If the above interpretation is true, then can we count "addition" and "multiplication"? I think there is big different at the point of time between "addition" and "multiplication".
Please help me.
Depends on the Context. The writer has to specify which operations are "costly" & which are "easy" , then the given algorithm can be analysed to estimate the number of the costly operations & then claim $O(n^2)$ Etc.
There are Cases when "Comparison" is the Core Operation (eg Sorting) & those algorithms count that Operation to state that Eg Bubble Sort is $O(n^2)$ or other sorting algorithm is $O(n\log{n})$ Etc. Such algorithms may have Multiplication & Addition involved , which are more costly yet do not much contribute to the total running time.

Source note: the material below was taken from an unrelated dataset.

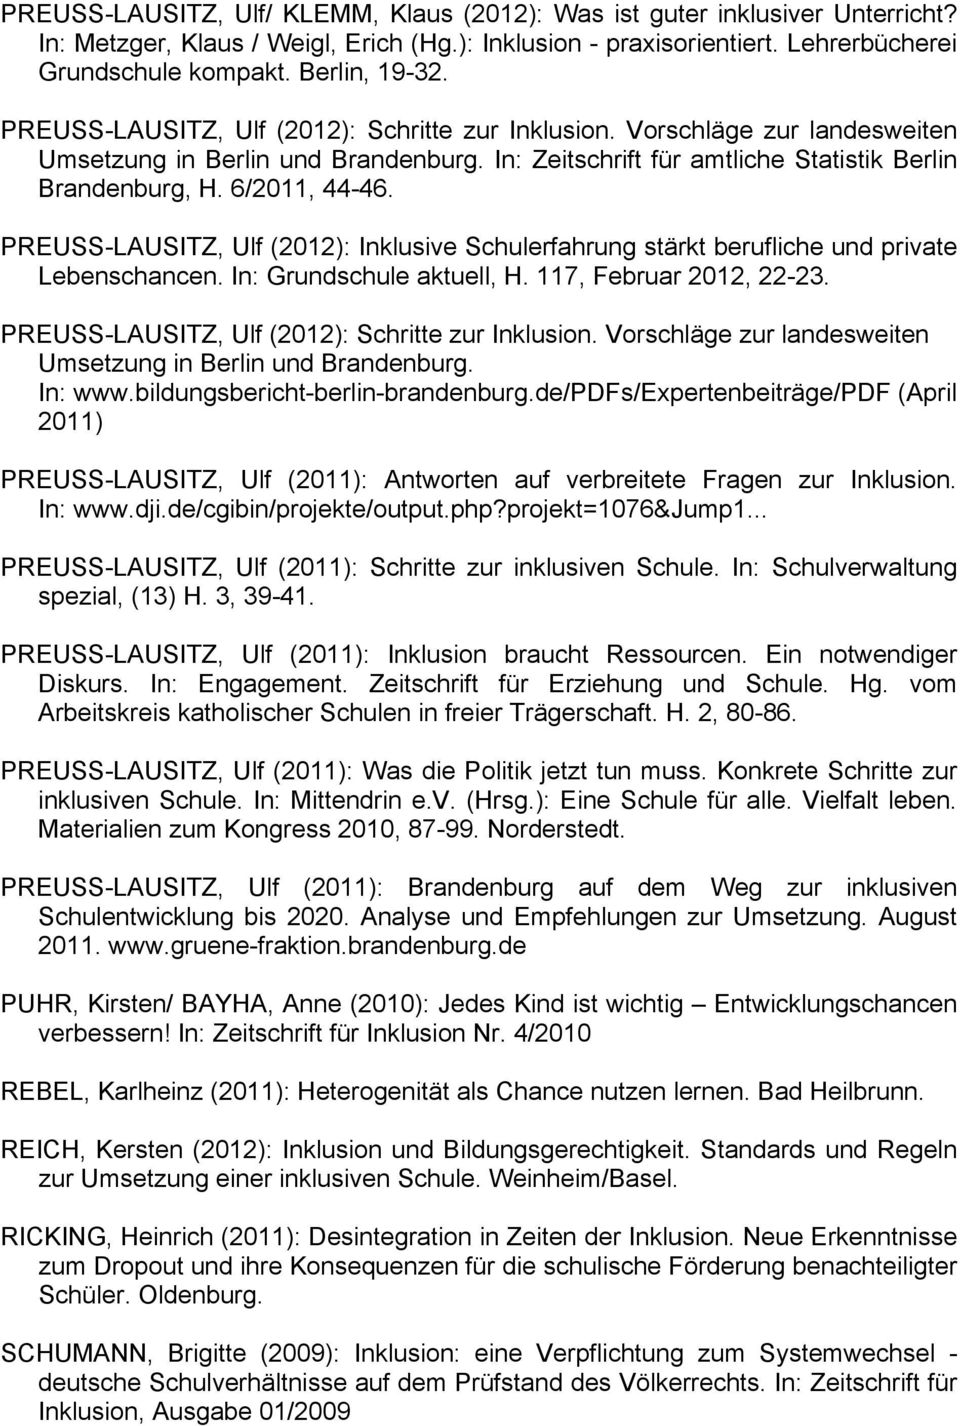 PREUSS-LAUSITZ, Ulf (2012): Inklusive Schulerfahrung stärkt berufliche und private Lebenschancen. In: Grundschule aktuell, H. 117, Februar 2012, 22-23.

There are algorithms where "Comparison" is immaterial with Multiplication & Addition being the Concern. Eg Matrix Addition or Matrix Multiplication.
In that Case , the writer will specify that Multiplication & Addition are equally costly to then count them both.
Alternately , the writer will specify that Multiplication is very costly (we can ignore Addition) & thus count Multiplications.
Hence Depending on context , your Example has : either 3 Operations (1 Multiplication + 2 Additions) or 1 Operation (1 Multiplication) or 2 Operations (1 Multiplication + 1 Addition , ignoring the "Decrement Operation")
In Some cases , these are floating Point Numbers & all Calculations are somewhat "Equally Costly" , including "Comparison" , "Multiplication" , "Addition" , "Increment Operation" , "Decrement Operation" , "Power functions" , "trig functions" , "log functions" , Etc. Then we count all such Operations towards the total.